Можем ли мы сегодня утверждать, что Новый Завет прекращает свое действие в силу изменения условий или в силу выполнения поставленных в нем задач? Не пора ли получить обновленное Откровение, своего рода Сверхновый Завет, третий по счету, исходя из предположения, что второй был не последним? Вполне возможно, что обретение такого завета связано не с новым писанием, а, например, с новым, более внимательным прочтением.
Есть некоторые основания утверждать, что дальнейшие инструкции уже содержатся в Testament. Их общий смысл можно свести к директиве из Центра Управления Полетом, и тогда звучать она будет примерно так: Приступить к отделению третей ступени! И вот теперь мы вернемся к общей метафоре космодрома и взлетающей космической ракеты.
Команда «отбросить первую ступень!» была выполнена в ходе антропогенеза, она и составляла его содержание. В результате выполнения команды появилось смертное существо, именуемое человеком. Некое сущее, получившееся благодаря отбрасыванию-вычитанию. Тогда в отброшенном мире природы осталось «тело вида», регулируемое инстинктами, рефлексами, и эксклюзивно подчиняющееся естественному отбору. Духовный порыв позволил освободиться от этой материальной зависимости.

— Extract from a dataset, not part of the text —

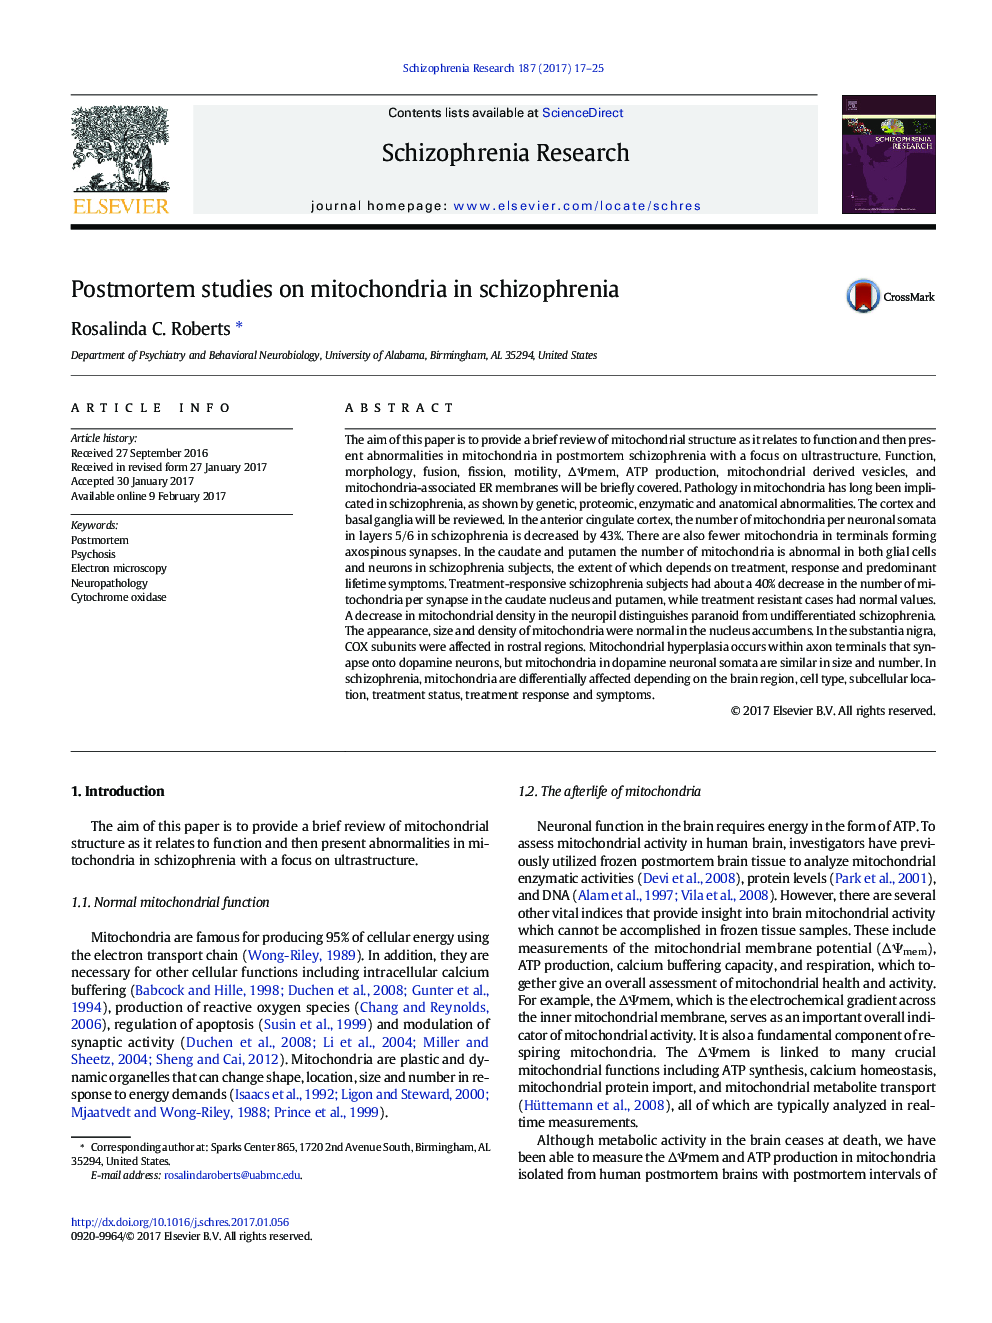 مطالعات پس از مداخله در مورد میتوکندری در اسکیزوفرنیا

Отделение второй ступени было инициировано торжеством христианства. На этот раз позади осталась зависимость от тела социума, от громоздких структур производства и поддержания субъектности. Автономное духовное самообеспечение совместило границы субъекта с телесной экземплярностью индивида. Последовавший за этим толчком духовный подъем позволил закрепиться на орбите ratio и превратил в рутинное дело челночное сообщение между этой орбитой и текущей повседневностью. Отделение второй ступени отменило необходимость всякий раз «воспарять» в изматывающем трансе, используя для этого чуть ли не всю имеющуюся инфраструктуру. Вспомним альтернативу, предложенную Иисусом: «Бремя мое легко».
Около двух тысячелетий полет проходил нормально. Так и хочется сказать: затем экипаж доложил, что задача выполнена. Но скорее всего, верным будет другое: по некоторым признакам в Центре Управления Полетом определили, что миссия завершена в том смысле, что решены задачи второго этапа. Для достижения новых целей, для дальнейшего вознесения необходимо тление третей ступени. Необходим разрыв между разумным единством желания и воли и телесным органическим носителем, находящимся пока под двойной юрисдикцией — диктатуры символического и общих законов природы.
Стало быть, задача дальнейшей миссии сформулирована теперь эксплицитно, без обиняков: отбросить тело, избавиться от балласта органической телесности. И тут можно заметить, что кое-какие инструкции на этот счет уже содержатся в Инструкции. Более того, они уже давно приняты к исполнению в рамках теологии прямого действия, и проблема лишь в том, чтобы произвести очную ставку, так сказать, опознание и сличение результатов параллельной работы над проектом. Проблема отнюдь не из легких, ведь необходимо составить и решить уравнение следующего вида: Сопоставить практику схимников и столпников с практикой киберпанка с тем, чтобы привести их к общему знаменателю во Христе. Не больше, не меньше — понятно, что отыскание в данном случае общего знаменателя требует немалой метафизической зоркости. Но попробуем.
Киберпанк с момента своего зарождения в свойственном ему эпатажном стиле занимается преодолением органической телесности. Идеология кибер-движения в целом весьма пестра и противоречива, но общие моменты улавливаются без труда — они сводятся к попыткам подключить технику к принципам наслаждения. И, соответственно, самим подключиться к выносным органам удовольствия. Устремления киберпанка, как теоретические так и практические, направлены на экстазис, то есть на то чтобы разместить резонаторы на некотором удалении от органического чувствилища и, по возможности, на условиях автономии, неподвластности закономерностям бренного тела.
Разве не схожие устремления двигали душами подвижников? И так ли уж далеки от них байкеры, приросшие к своим мотоциклам, или герои «Матрицы», для которых сгруппироваться в единстве воли как раз и означает там, куда не проходят данные сырой сенсорики, за пределами юрисдикции позывных собственного тела. Это и есть принцип экстазиса, распознаваемый, правда, с таким трудом, что даже проницательным мыслителям он показался эксклюзивным порождением эпохи Гештеллера, триумфом Постава и поставления, безнадежным уклонением в сторону забвения бытия и, конечно забвения Бога.